I have been using blogs to allow students to respond to a question online rather than always in class. I have allowed the freedom to respond at their convenience. Referring back to my baking analogy, I begin to think how I can move beyond the Easy Bake oven to a blogging recipe that has even more educational nutritional value. What I mean by that is a blogging experience where students are creating their own blogs that are true to the blogging form – a log of links and comments and posts that provoke peers to think, link and learn. Stephen Downes says “Blogging is something defined by format and process, not by content”.
Format and process? Not content? Is this Marshall McLuhan’s voice in a Web 2.0 world where the media is the message?
The act of blogging is certainly about the interactive process of linking and commenting. If students are to create their own blogs, they would be engaged in a world where they will be linking and blogging and commenting on ideas that far outreach the walls of the classroom. To a blogger, they would have reached blogging perfection. Yet, for a teacher this walks a fine line of danger. Students might be exposing themselves to information that is inaccurate or does not uphold the morals of the school. Thus, content in the form of response blogs became the safe route.

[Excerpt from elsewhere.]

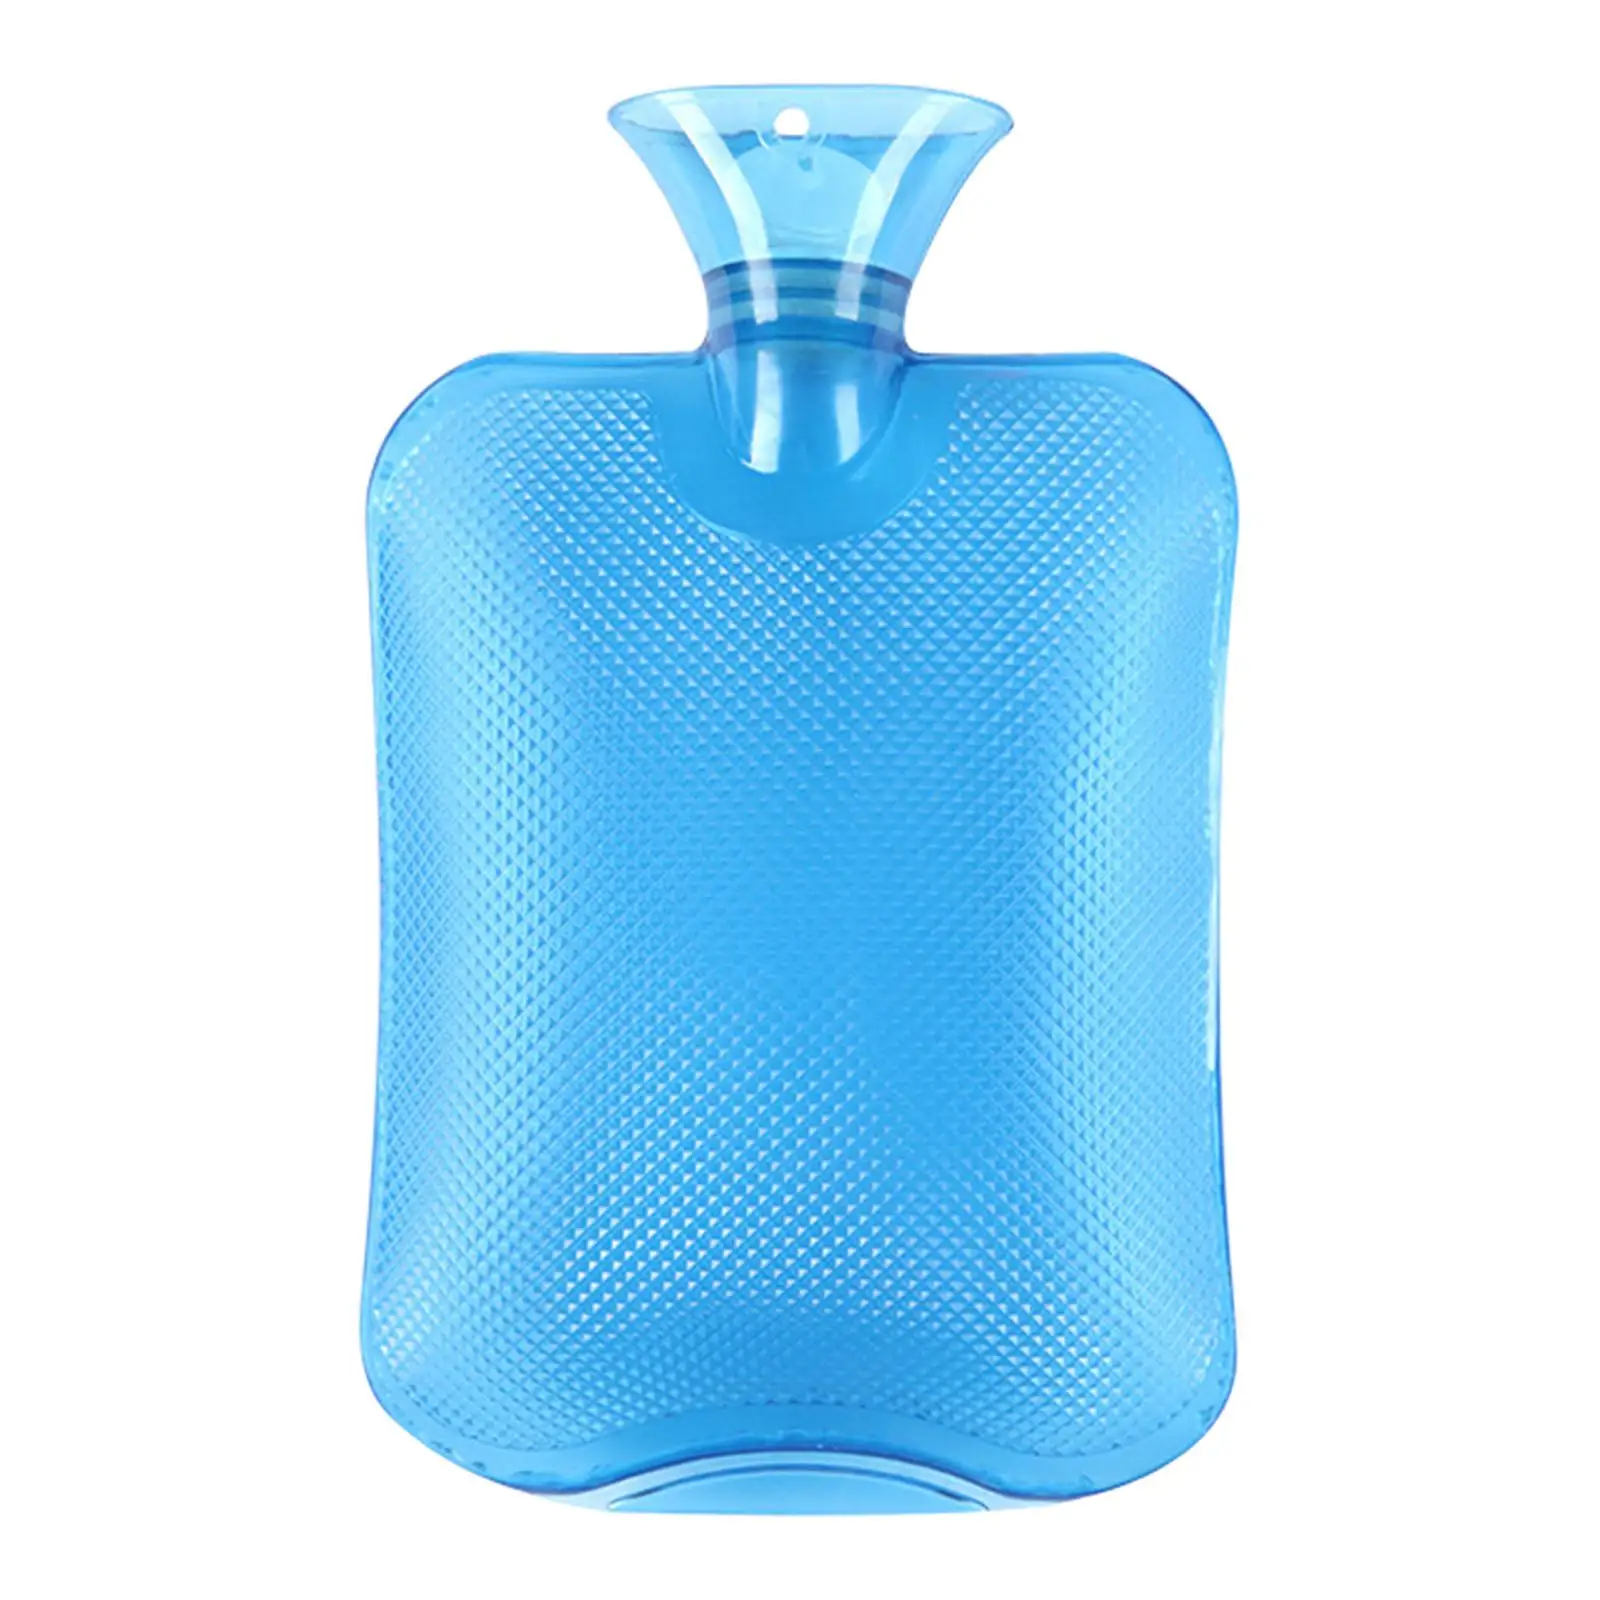 Premium PVC Hot Water Bottle, Large 2 Liter Hand Warmer, Hot Water Bag, Durable Water Filling Bag, 2mm Thick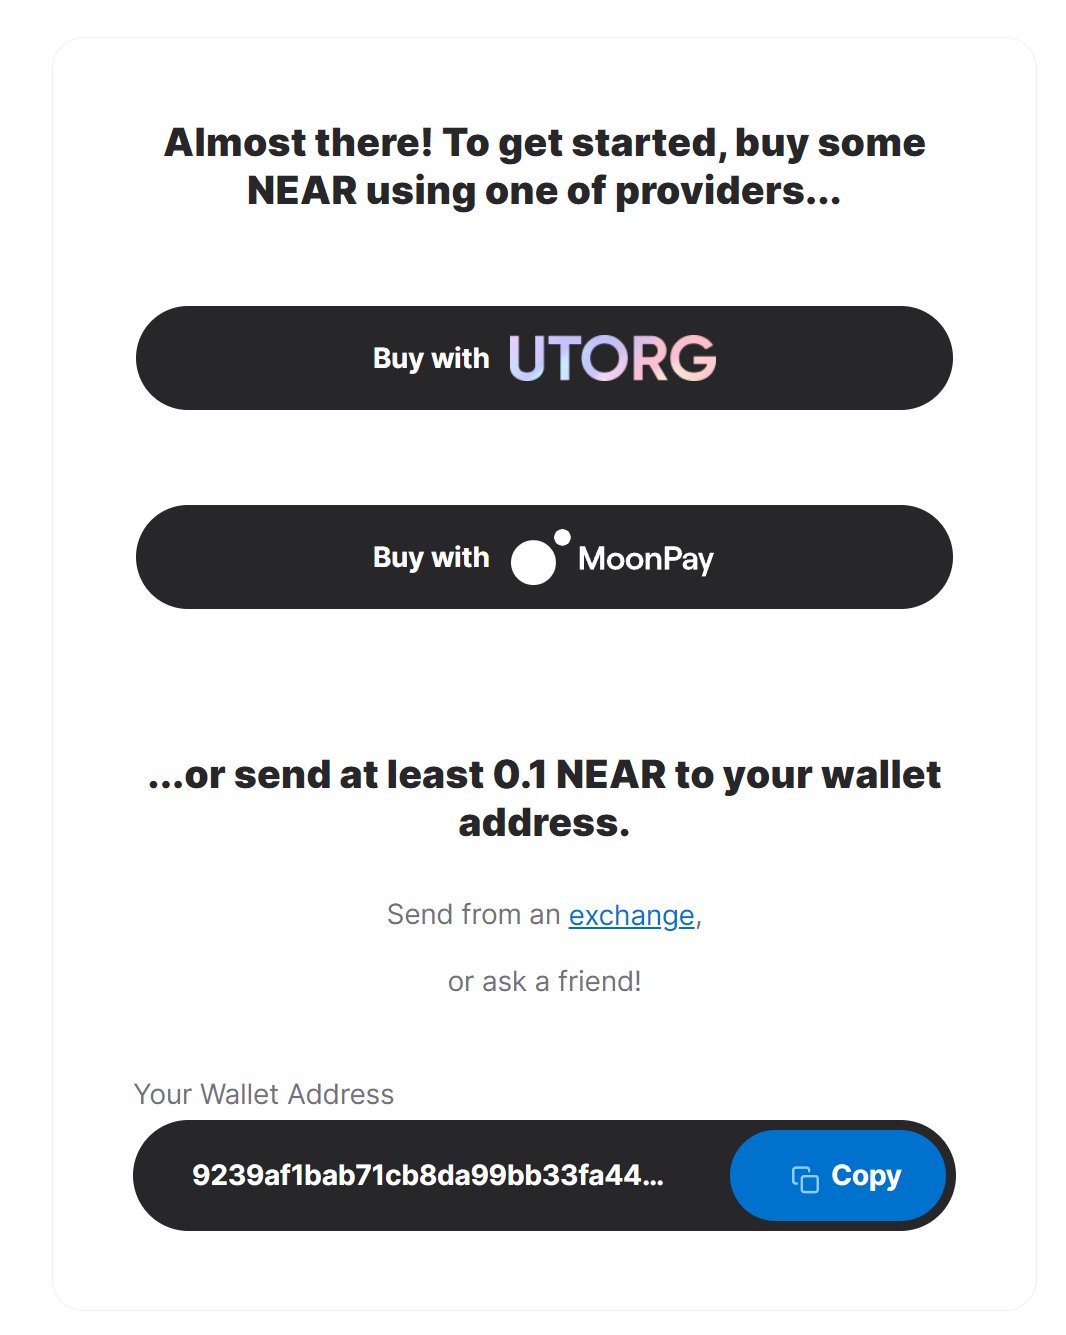 Mainnet Funding Account Page. You can fund your account through several ways, this page lets you fund it with a card using UTORG or MoonPay services, or you can send 0.1 NEAR to your wallet address listed.

I had to stop writing this blog entry partly because I was not sure I agreed with the last claim I made. I think blogging in the classroom can be about process and format and content all together. Blogging and linking to research is a great tool to teach media literacy and to teach about reputable research sources. It also forces students to reference their research. All three of these strands of curriculum are important and their longevity and applicability far extend the cyber-world of blogging.
Finally, I think what would be so incredible in a classroom is if students begin to reference each other and link to each others’ blogs. This can be useful when examining literature or creating seminars that examine particular aspects of a piece of text.